Bird and the Straw Man
Bird continues, “In my mind, acknowledging the reality of racism, discrimination, and injustice – whether historical, cultural, institutional – and determining to change it, does not require adherence to a Marxist narrative, or becoming Woke.” Here again, if Bird is suggesting that Strachan said anything like this he is either very seriously mistaken or else lying. Strachan explicitly states the opposite in his lectures. If Bird is not talking about Strachan here, then who is he talking about? Perhaps Bird means to reference Durbin, but – and this may be difficult for some – Durbin and Strachan are not the same person. This misguided line of thinking permeates Bird’s post. He writes, “So don’t buy into the lie that acknowledging a history of racial injustice and prioritizing the pursuit of racial justice is wokeness. Don’t buy into the lie that all social justice is driven by Marxist ideology. It is not!” Of course social justice is not driven by Marxist ideology when we understand the term ‘social justice’ to be defined in a way that it is not at home in a Marxist ideology. I doubt that even Durbin would disagree with that tautology. But note that when Bird says not all “social justice is driven by Marxist ideology” he is simultaneously conceding that some social justice is driven by Marxist ideology. Strachan has a problem with that. Does Bird?
Bird concludes, “Let me be clear, love of neighbour requires you to be concerned for the just treatment of your neighbour, whether they are Black, Hispanic, First Peoples, LGBT, migrant, Muslim, working-class, or even Baptist. Any derogation of a Christian’s duty to be concerned about the welfare and just-treatment of their neighbour is an attack on the biblical love command itself.” What would lead Bird to believe Strachan would object to that? Certainly nothing by way of what he has provided in his post. If Bird wants to interact with Strachan’s lectures then he should listen to those lectures. If he wants to engage Strachan on differences over secondary and tertiary matters related to these difficult topics, he should absolutely do so. That would advance the conversation. Bird’s post attempting to paint his apparent opposition as a fundamentalist leading a war on love does not do that.

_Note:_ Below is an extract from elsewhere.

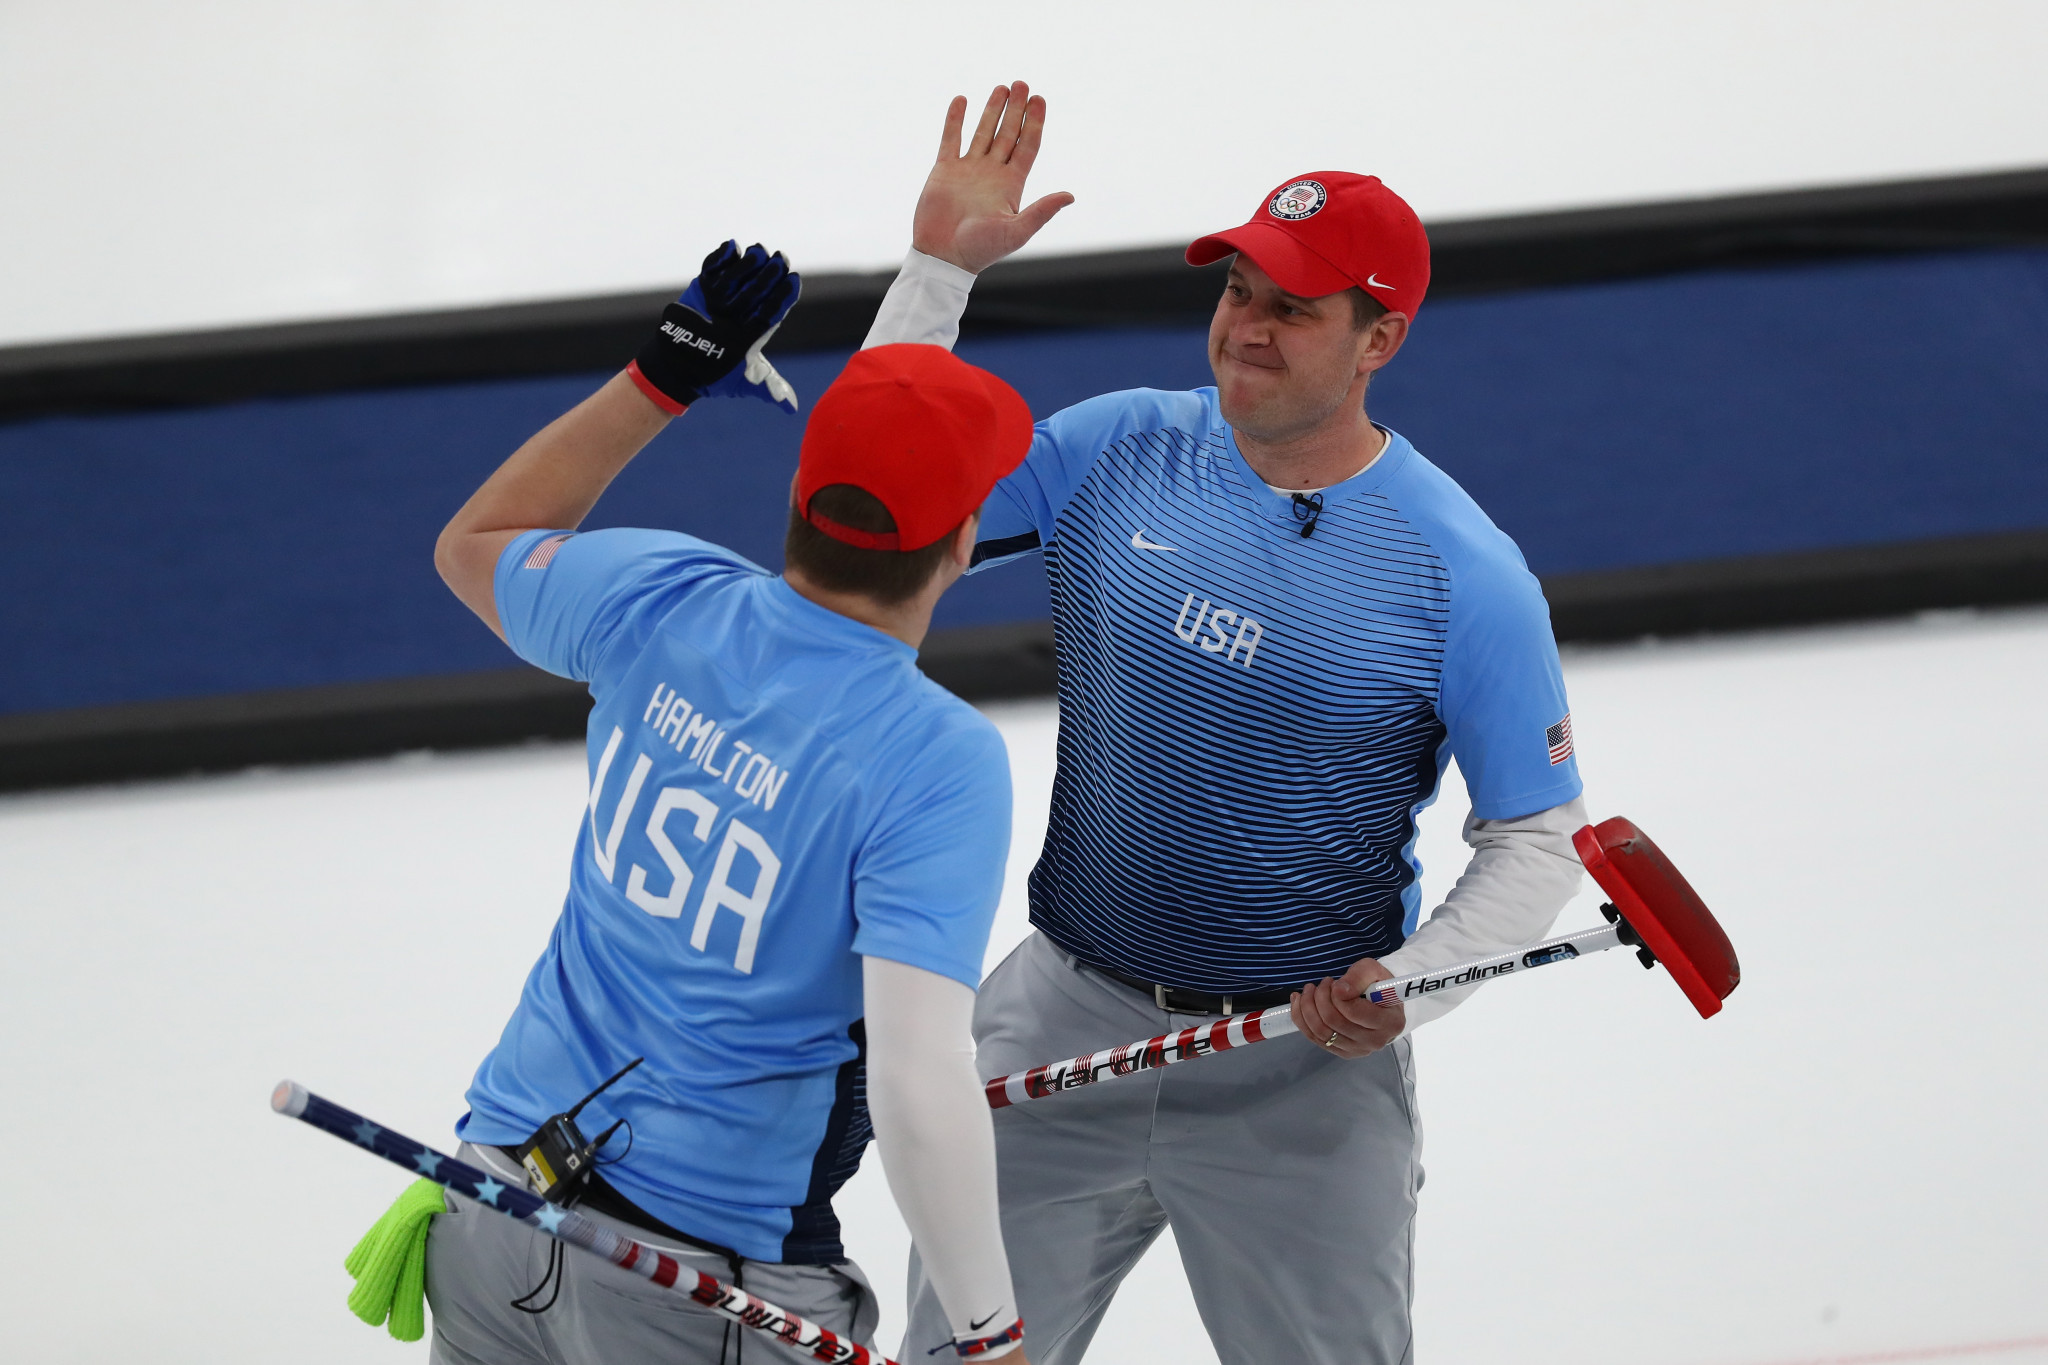 John Shuster's rink will be coached by Don Bartlett ©Getty Images

Given what I have written here, it should come as no surprise that I do question whether or not Bird really is, “that rare voice of reason in this asylum of politics and religion.” Bird’s post comes across less as a careful consideration of the serious topics under discussion and more as a hit piece on a Southern Baptist professor. Kudos for the amusing joke about the duty to love one’s neighbor even if he is Baptist, but by my lights Bird failed to live that out in this instance.